As we design these things, we could be thinking
about designing these invisible worlds,
and also thinking about how they interact
with our personal ecosystems.
Our bodies are home to trillions of microbes,
and these creatures define who we are.
The microbes in your gut can influence your weight and your moods.
The microbes on your skin can help boost your immune system.
The microbes in your mouth can freshen your breath,
or not,
and the key thing is that our personal ecosystems
interact with ecosystems on everything we touch.
So, for example, when you touch a pencil,
microbial exchange happens.
If we can design the invisible ecosystems in our surroundings,
this opens a path to influencing
our health in unprecedented ways.
I get asked all of the time from people,
"Is it possible to really design microbial ecosystems?"
And I believe the answer is yes.
I think we're doing it right now,
but we're doing it unconsciously.
I'm going to share data with you
from one aspect of my research focused on architecture
that demonstrates how, through both conscious
and unconscious design,
we're impacting these invisible worlds.
This is the Lillis Business Complex at the University of Oregon,
and I worked with a team of architects and biologists
to sample over 300 rooms in this building.

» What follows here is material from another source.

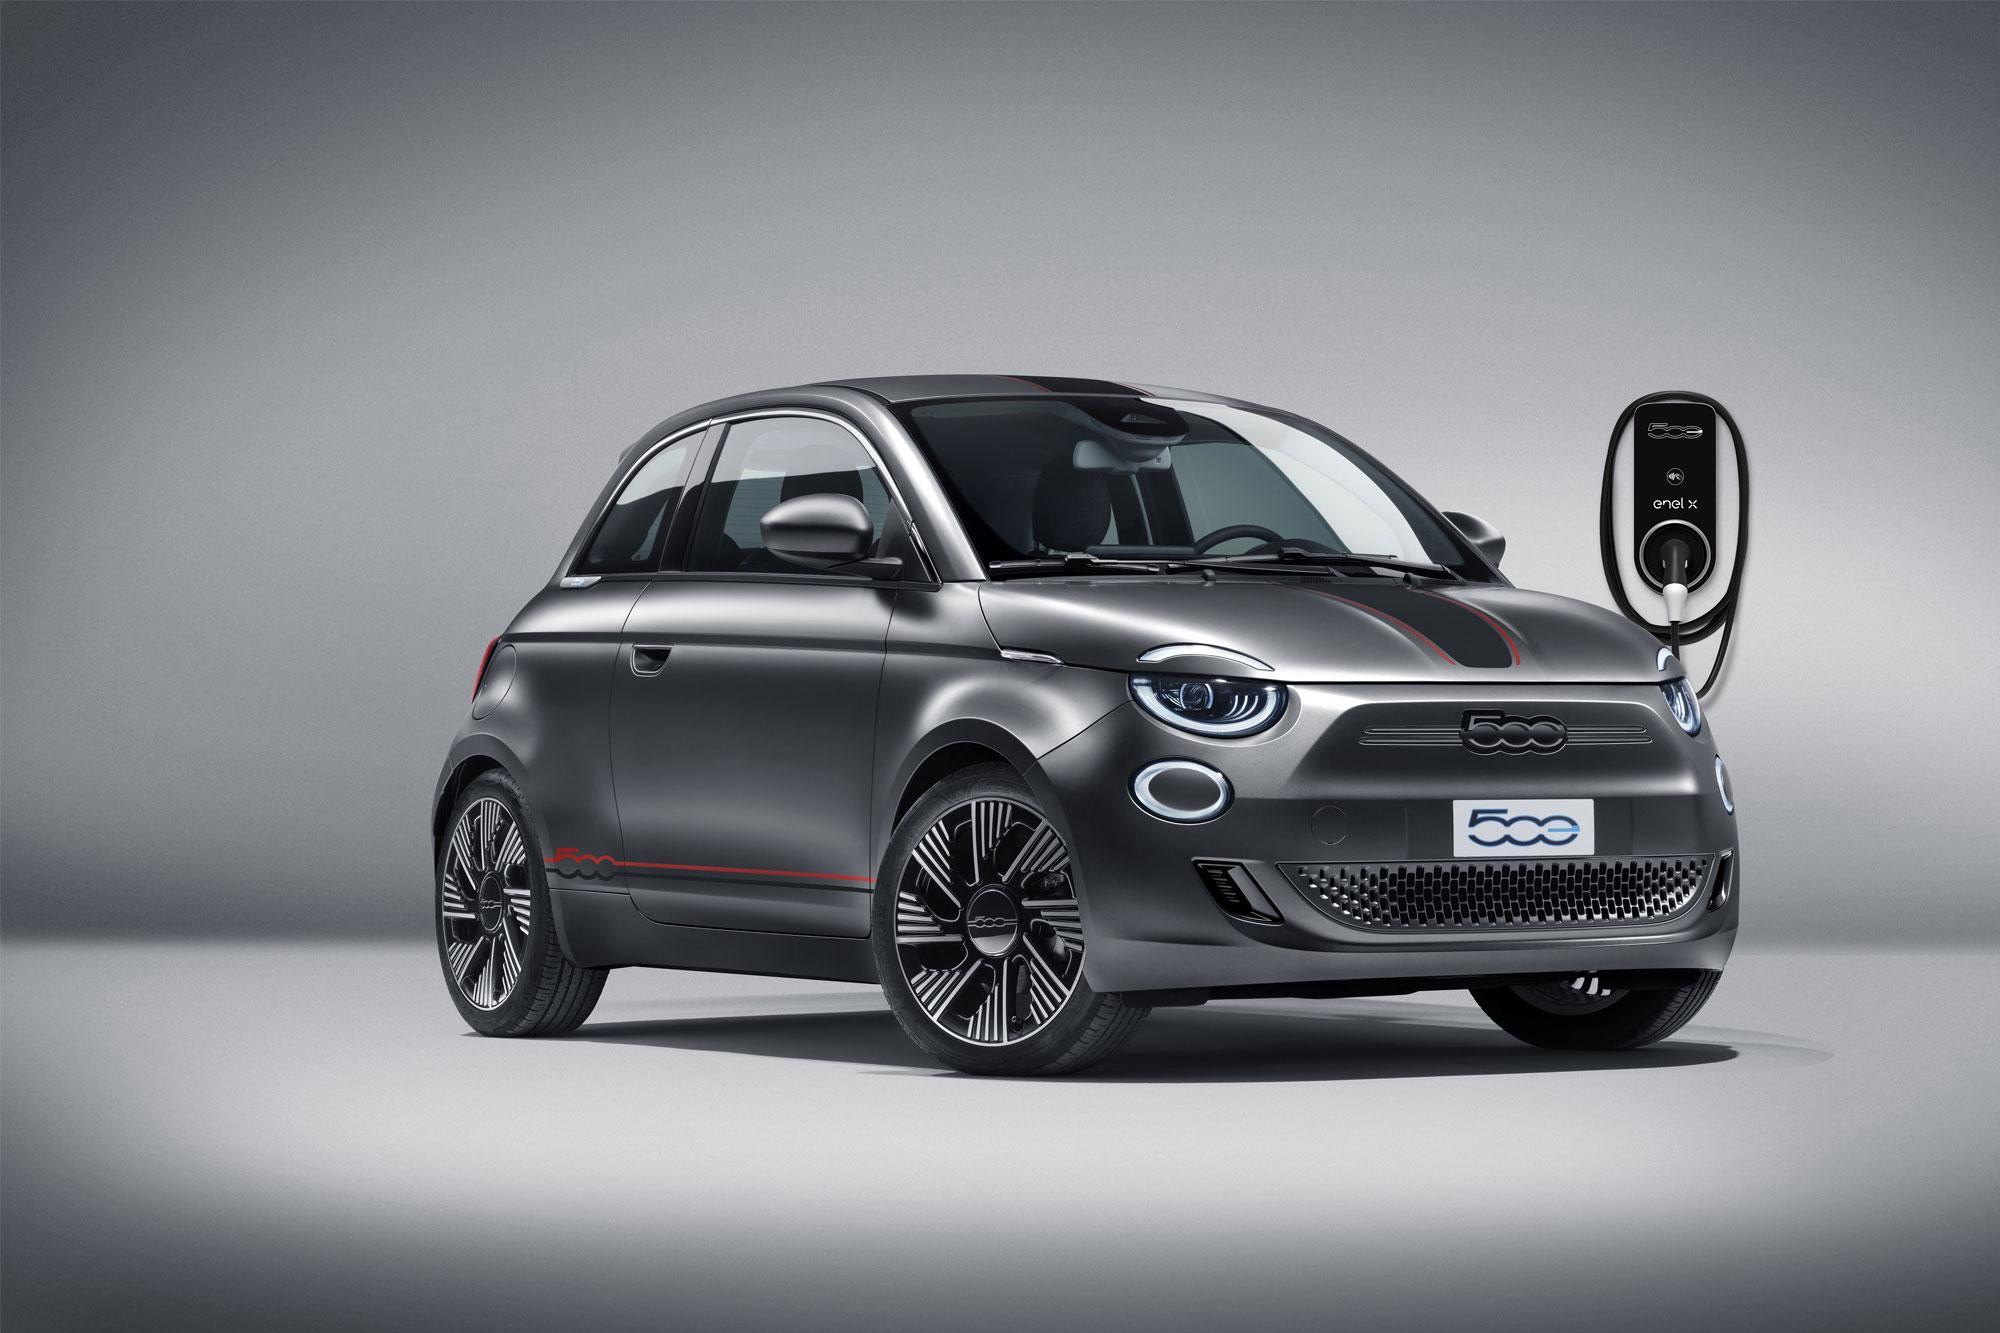 H Mopar κάνει πιο ξεχωριστό το ηλεκτρικό Fiat 500
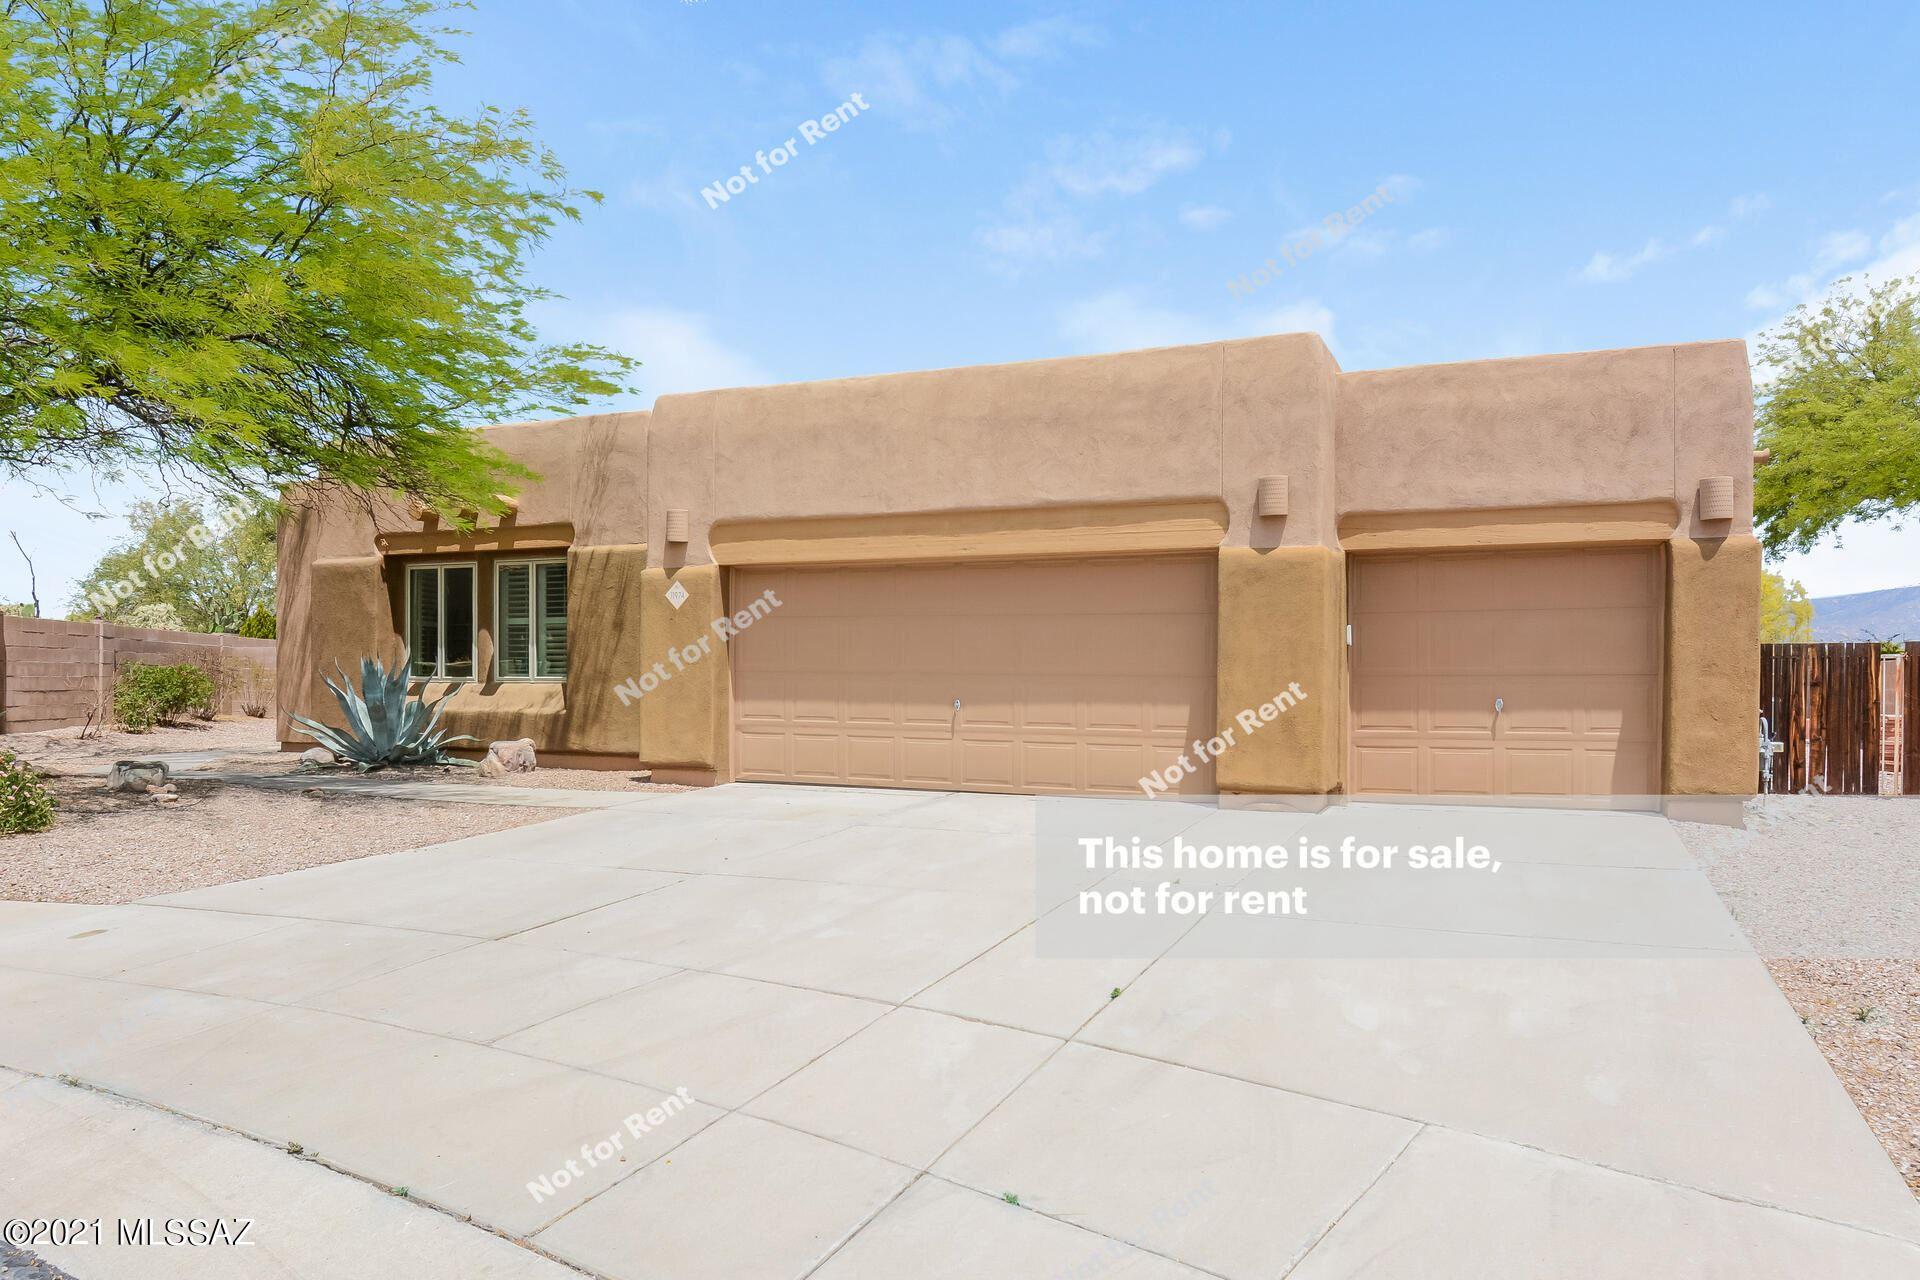 11974 Crescendo Drive, Tucson, AZ 85737 - MLS#: 22111754

We wanted to get something like a fossil record of the building,
and to do this, we sampled dust.
From the dust, we pulled out bacterial cells,
broke them open, and compared their gene sequences.
This means that people in my group
were doing a lot of vacuuming during this project.
This is a picture of Tim, who,
right when I snapped this picture, reminded me,
he said, "Jessica, the last lab group I worked in
I was doing fieldwork in the Costa Rican rainforest,
and things have changed dramatically for me."
So I'm going to show you now first what we found in the offices,
and we're going to look at the data through a visualization tool
that I've been working on in partnership with Autodesk.
The way that you look at this data is,
first, look around the outside of the circle.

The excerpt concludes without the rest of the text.